Wanting to stay true to her own individuality, Molly began her collection inspired by the music she grew up listening to, after watching her dad play in various bands through the ’80s and ’90s. Approaching her collection with the same unforgiving attitude of punk culture, she sought to rebel against gender norms and twist classic styles in a new approach to androgynous fashion.




Throughout the process of designing her menswear range, Molly developed her textiles originally intended for womenswear, combining and experimenting with a mix of hard and soft fabrics with her prints to find a delicate balance between masculine and feminine styles, to find her own strong aesthetic.
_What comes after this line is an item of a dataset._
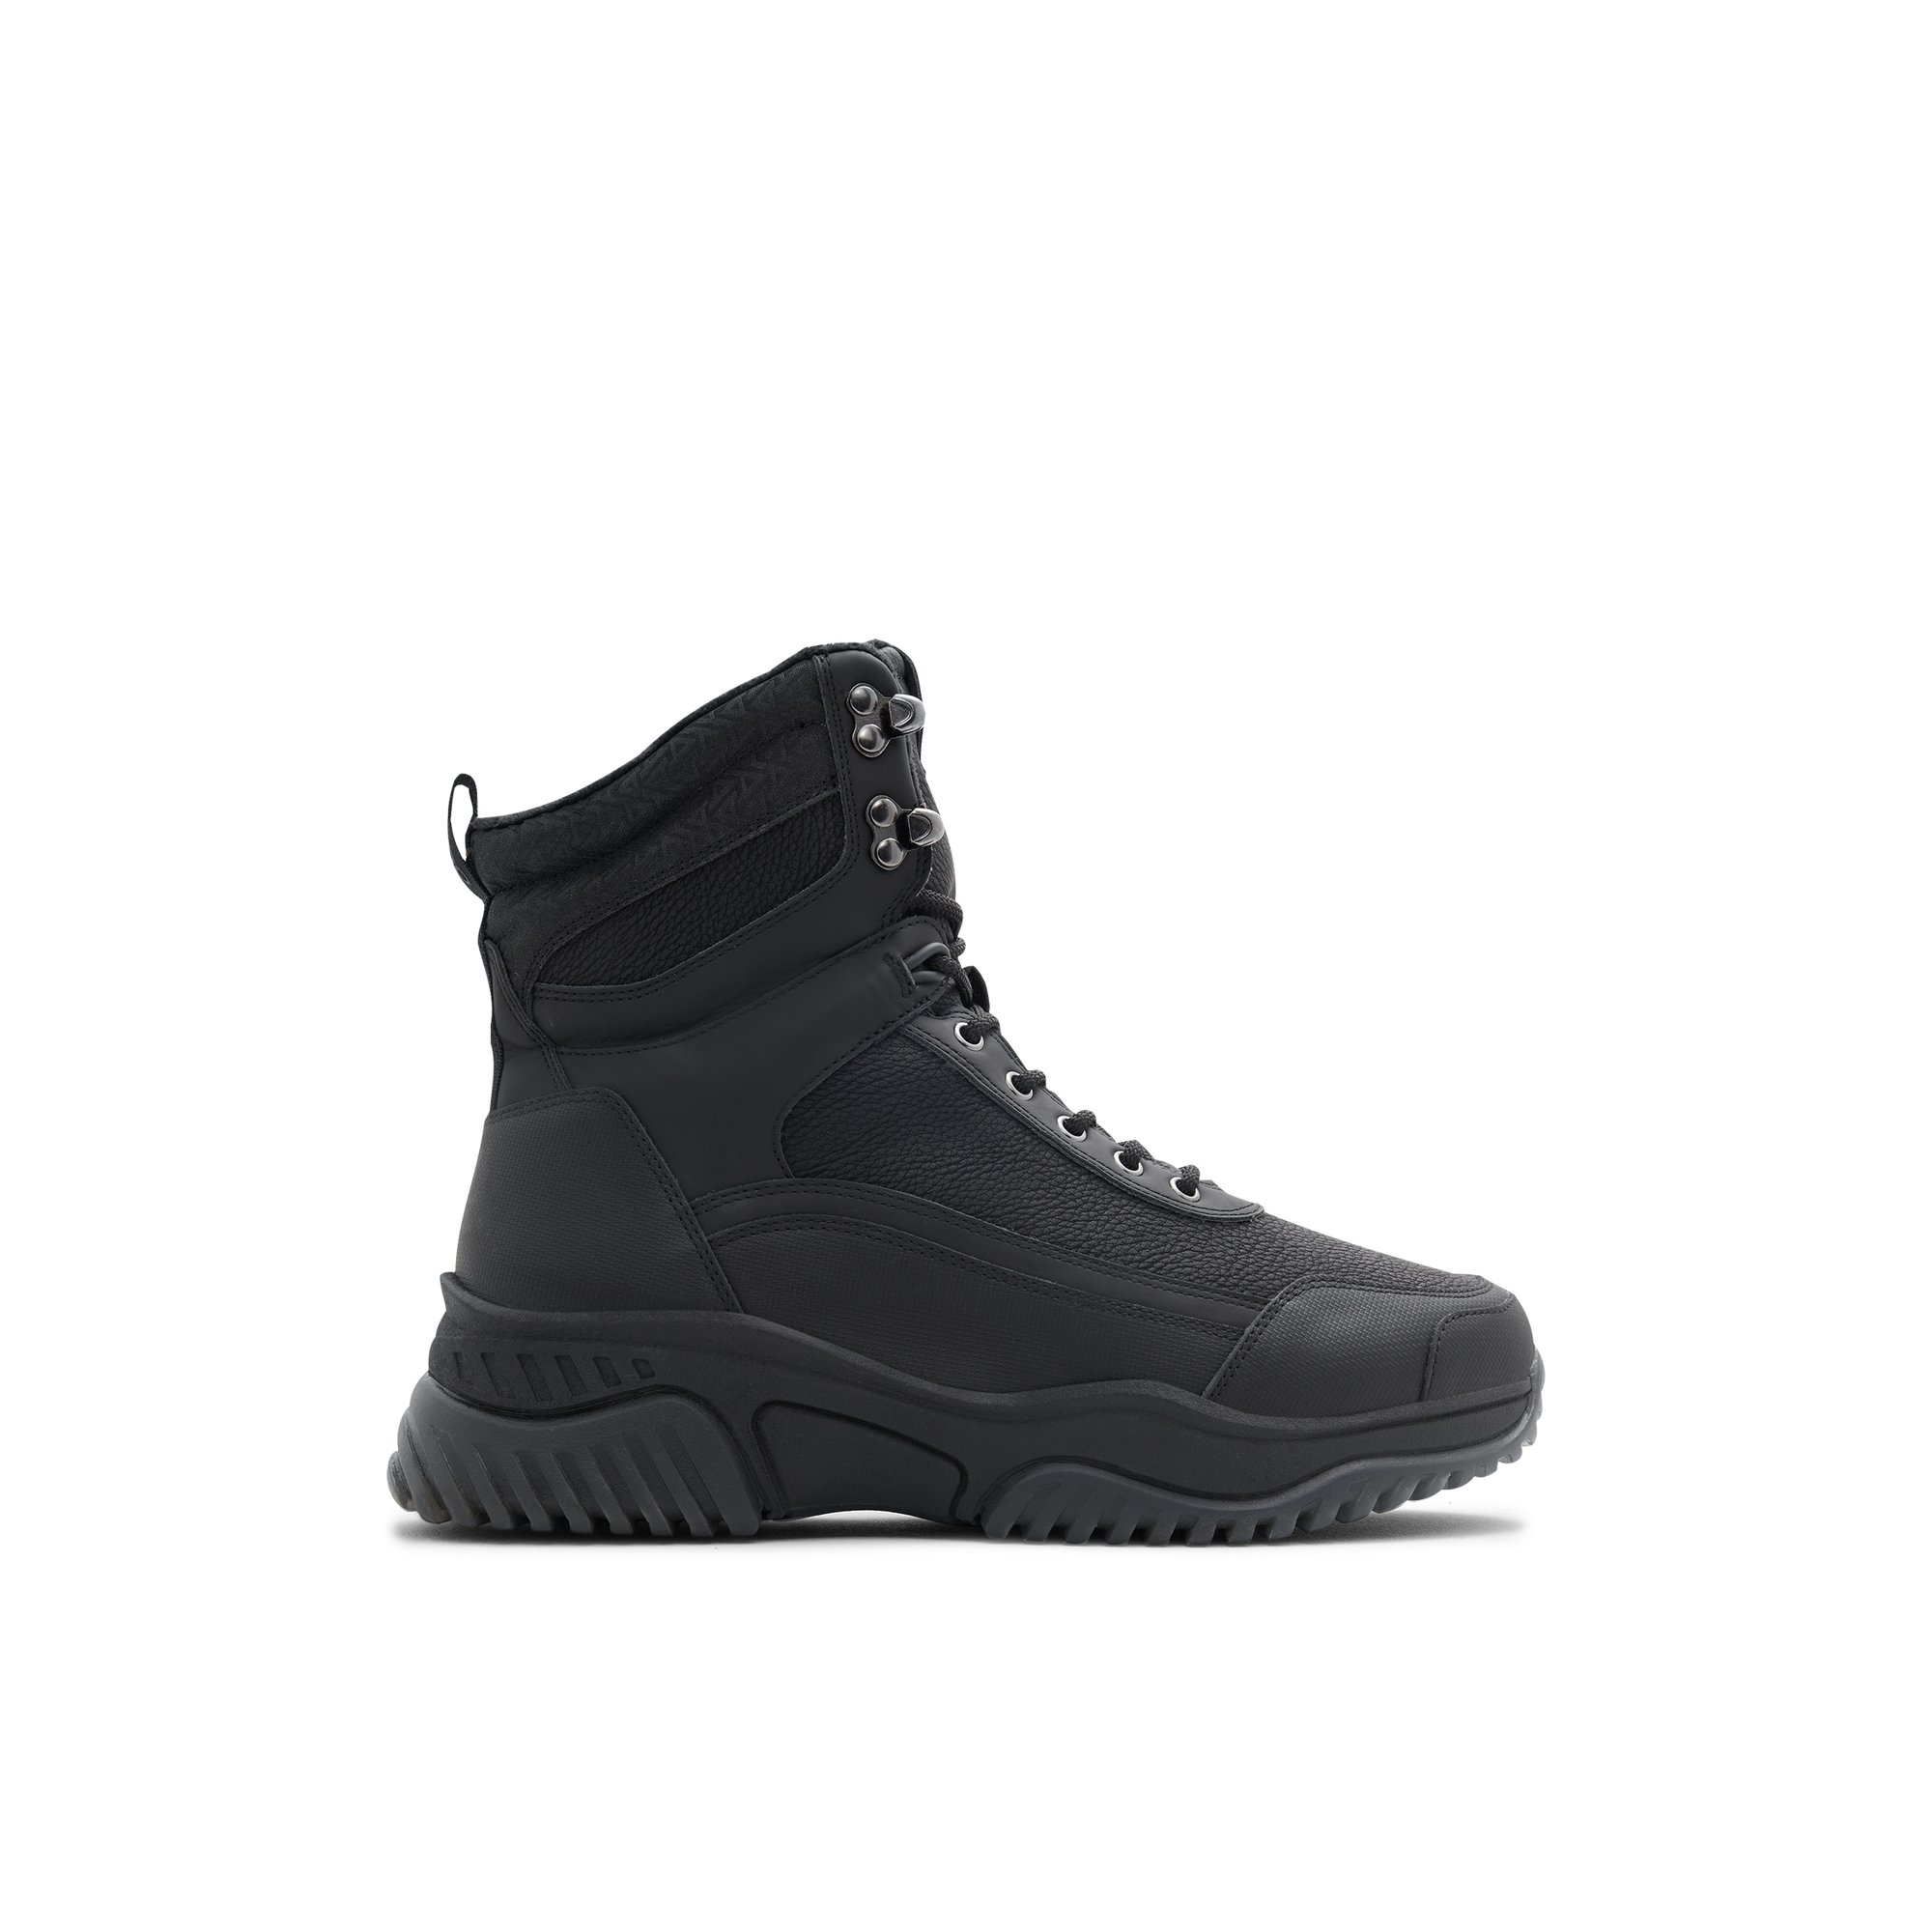 ALDO Mountrock - Men's Boots Casual - Black

Exploring, in particular, the way in which women are expected to cover their breasts while men are not, she drew emphasis to this with her illustrative embroidery within her designs. As the collection developed, refocusing this idea for menswear allowed her to play more creatively and innovatively with her pieces, resulting in a softer and more sensitive layer the collection that seeks to abolish expectations of masculinity.




A staple fashion trend of the Punk Rock scene, the classic Dr Martens boot, became a very literal interpretation for Molly. Always looking for new and creative ways to develop personal textiles, the iconic laced boot became a motif in her designs, using the art of Macrame to incorporate intricate lacing into her garments. In her final collection, Molly captured the significance of the known shoe with Trompe L’oeil style prints, boot buckles and Macrame lacing, celebrating the timeless classics of the era with a fresh individual approach.”